The lines to copy are those in the records below that hold the word "With".
········
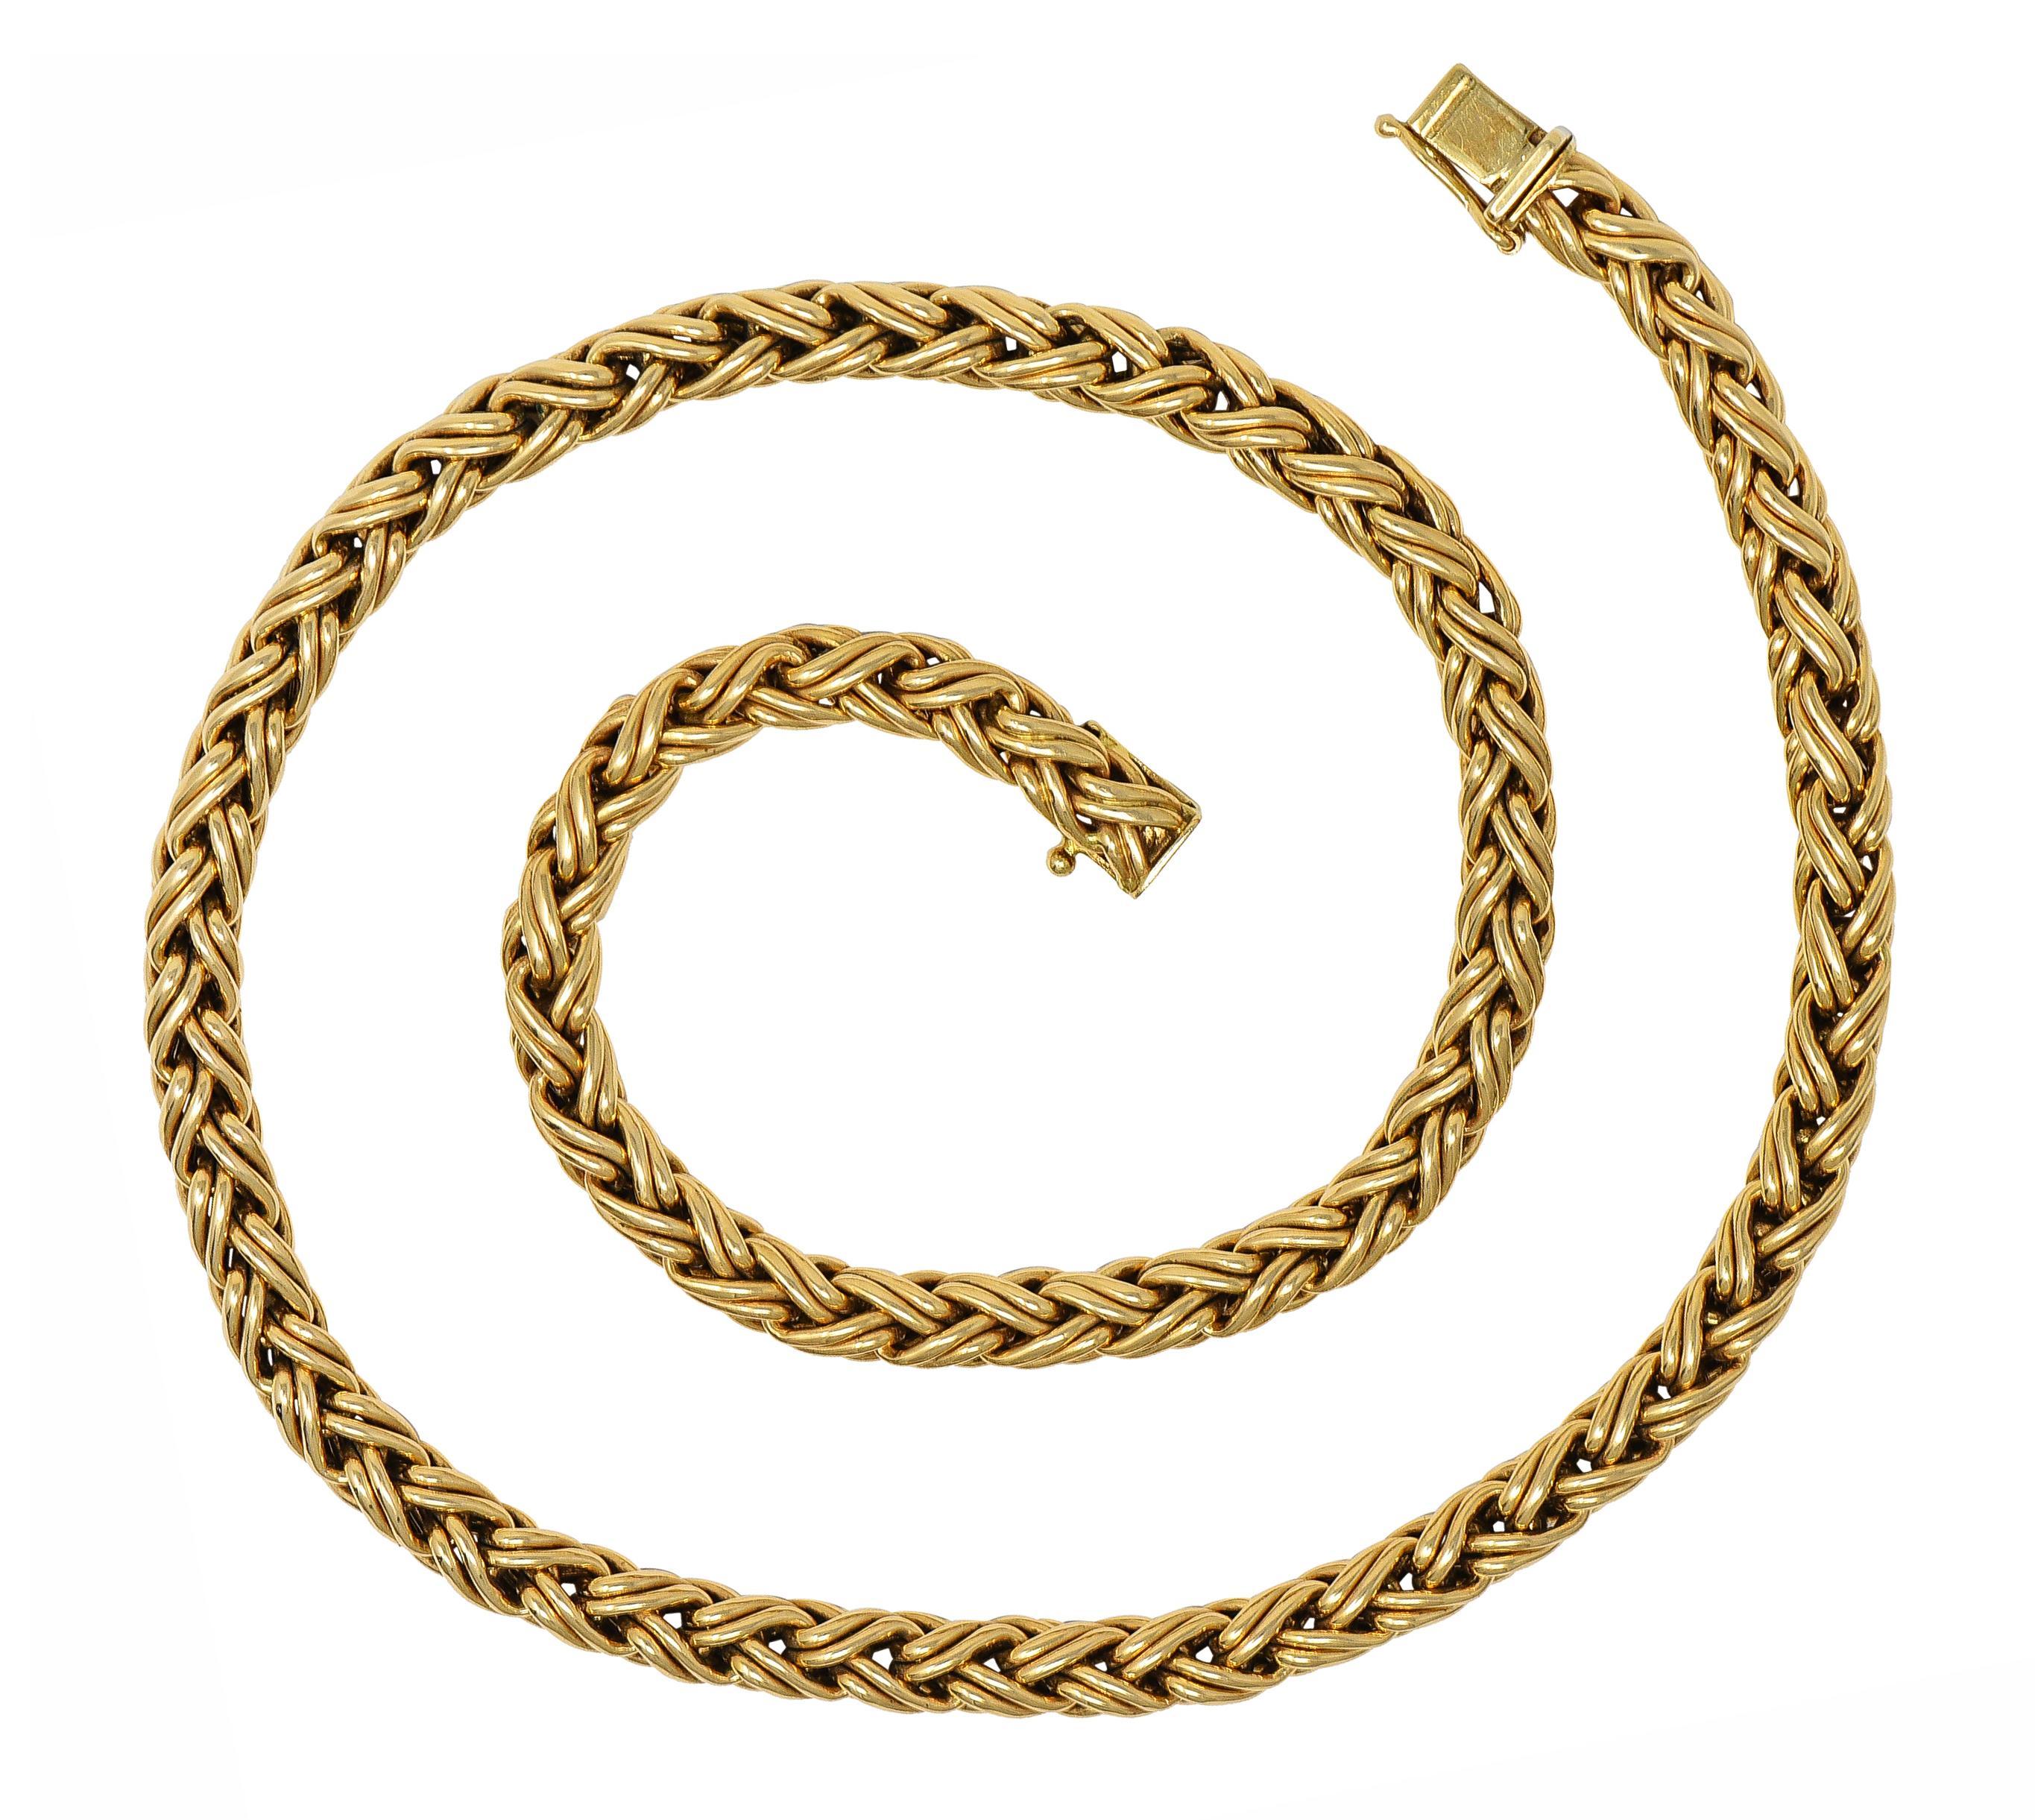 Designed as uniform Russian weave chain 
Comprised of meshed weave motif links
With high polish finish
Completed by concealed clasp closure
With figure eight safety
Stamped for 14 karat gold
Fully signed Tiffany & Co.
Circa: 1990's
Width: 1/4 inch
········
#### OUTPUT:
With high polish finish
With figure eight safety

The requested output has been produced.